As shown in Table 4, the PC group exhibited a significant increase in renal tissue levels of MDA and significant decrease of antioxidant enzymes (catalase, SOD, and GPX) when compared to the NC group. Administration of NSP, NSO and NSE caused significant decreases of MDA and increases of enzymes with antioxidant activity compared to the PC group however did not cause full recovery of these enzymes. Cisplatin generates free radicals such as superoxide and hydroxyl which produce oxidative damage and lipid peroxidation (Santos et al., 2012). Cisplatin induced renal toxicity decreases levels of antioxidant enzymes and non-enzymatic molecules as glutathionein and significantly increases hepatic MDA levels in rats (Kart et al., 2010).

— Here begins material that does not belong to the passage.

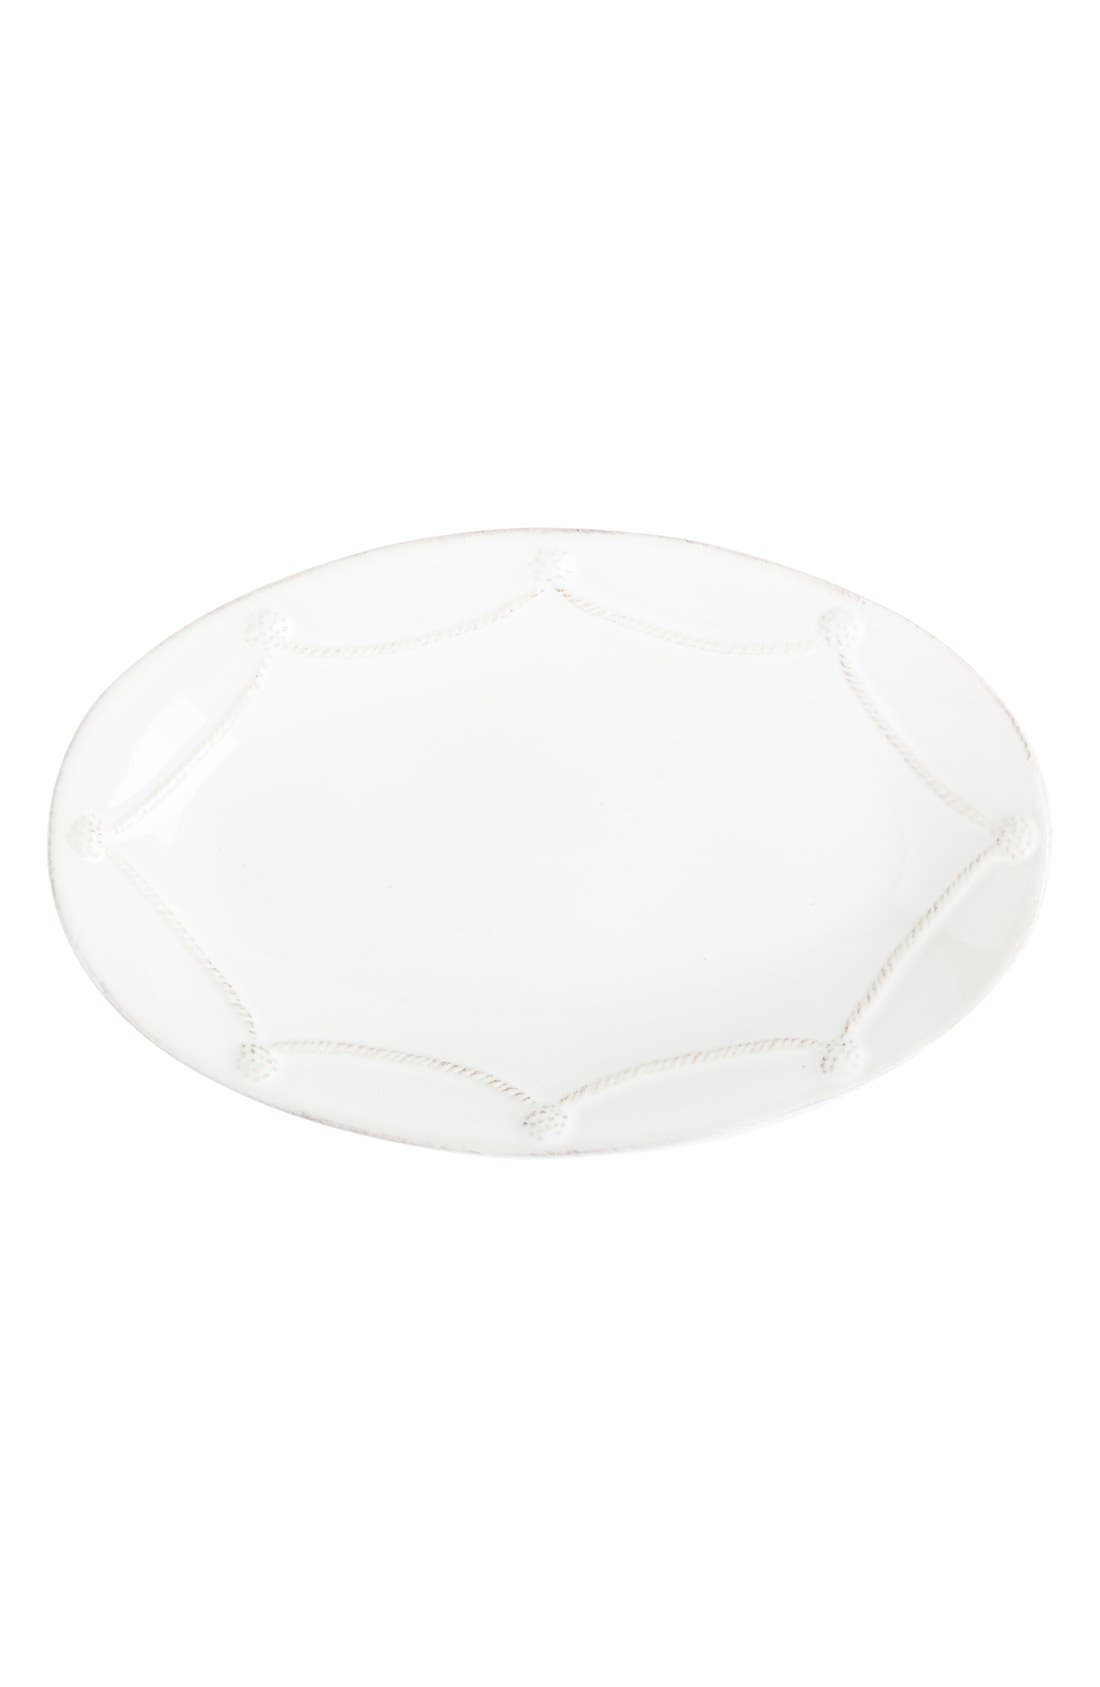 Alternate Image 1 Selected - Juliska'Berry and Thread' Oval Platter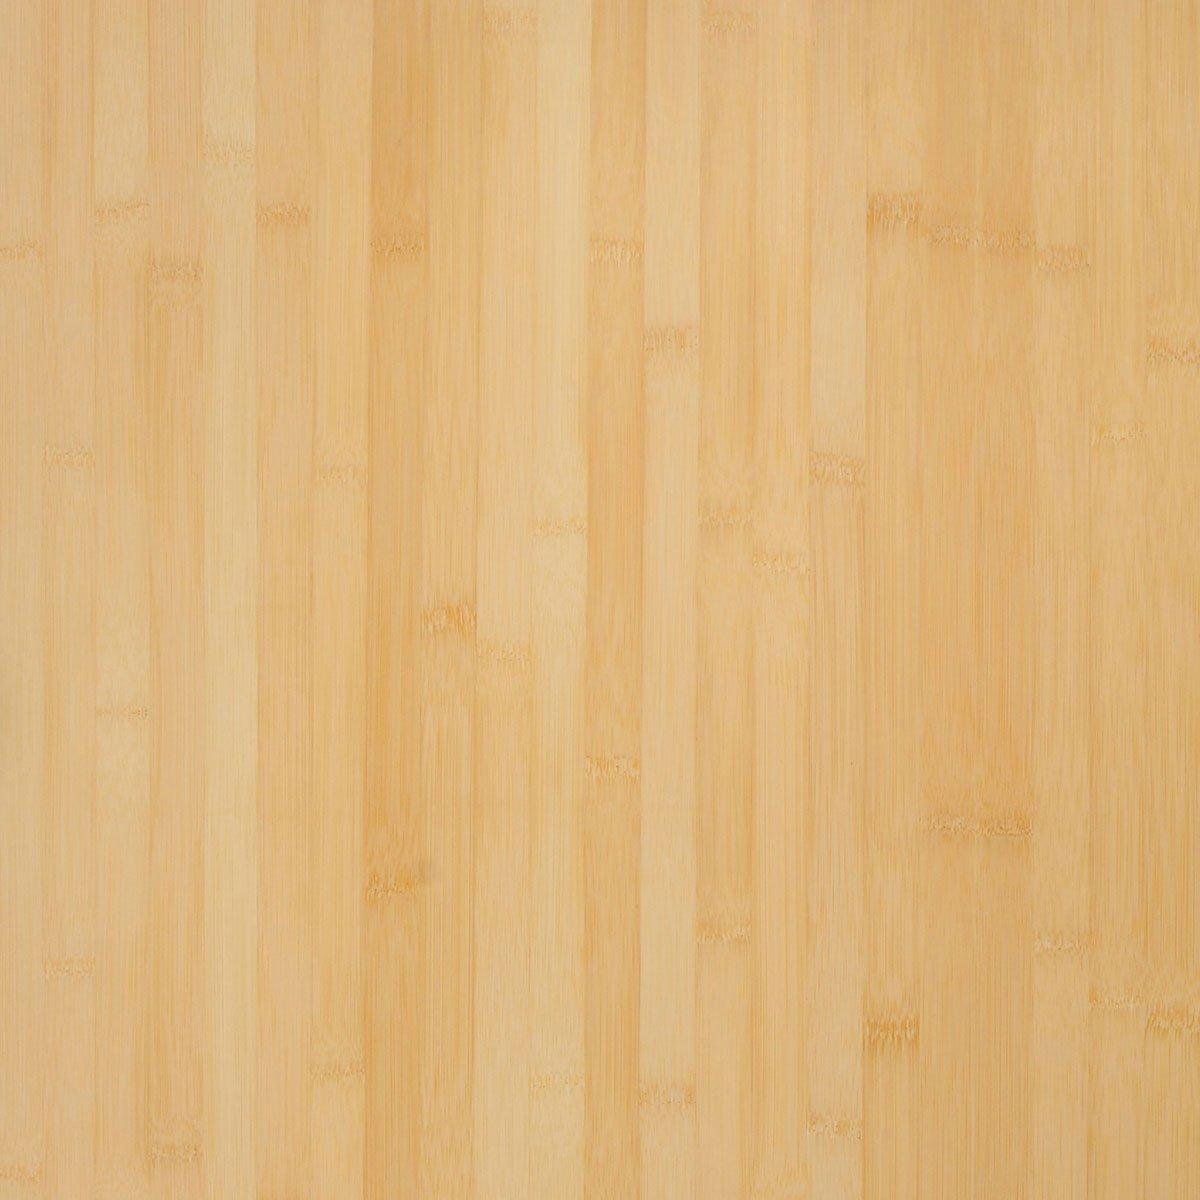 WORKTOPEXPRESS Solid Bamboo Timber Block Worktops 2000mm x 620mm x 40mm WORKTOP EXPRESS

Thymohydroquinone and thymoquinone are the most important constituents of NSO that has antioxidant and cytoprotective effect against kidney damage by inhibiting in vitro non-enzymatic lipid peroxidation measured as MDA and elevate antioxidant enzymes including SOD, CAT, and GPx in kidney tissues. NSO and NSE have anti-inflammatory properties by inhibiting cyclooxygenase and lipoxygenase and contains kaempferol and quercetin which have strong antioxidant properties (Mahmoud et al., 2002; Entok et al., 2014). Thus, NSP, NSO, and NSE prevents cisplatin-induced nephrotoxicity via direct antioxidant activity and indirect antioxidant activity from induction of endogenous antioxidant enzymes.

Table 4.

Renal antioxidant parameters in experimental rat groups.

	NC	PC	NSP	NSO	NSE
Catalase (µ/mg)	3.88±0.71a	0.55±0.19d	2.61±0.32bc	2.81±0.40bc	2.94±0.38b
SOD (µ/mg)	2.99±0.27a	1.03±0.11d	2.10±0.18c	2.03±0.29bc	2.30±0.33ab
GPX (µ/mg)	1.91±0.22a	0.64±0.13d	0.99±0.19c	1.11±0.31bc	1.39±0.27b
MDA (nmol/g)	6.41±1.45d	13.77±2.17a	10.31±1.96b	9.66±1.41b	8.41±1.03bc

NC: normal control, PC: positive control, NSP: Nigella sativa powder, NSO: Nigella sativa oil, NSE: Nigella sativa extract, SOD: superoxide dismutase, GPX: glutathione peroxidase, MDA: malondialdhyde. a,b,c,dMean values in each raw having different superscript are significantly different at P<0.05.

Conclusions

The results presented in our study strongly suggest that Nigella sativa is a rich source of many essential nutrients that have a positive effect on body weight and human health. Nigella seed oil have fatty acids with a long shelf life and is suitable for pharmaceutic and nutraceutic application. NSP, NSO, and NSE act as a potent antioxidant to prevent the toxic effects of cisplatin in biochemical parameters in the serum and kidney so have potential to be utilized as an adjunct therapy for nephrotoxicity. In order to prevent life-threatening complications inpatients with nephrotoxicity, it is recommended to supplement their diets with different forms of Nigella sativa (powder, oil, or extract). There is a need for further researchers on method of extraction and storage of Nigella seed and clinical trials of long duration administration of seed, extract and oil in patients with renal disease in addition to investigate the active principle that can be used in manufacture of drugs.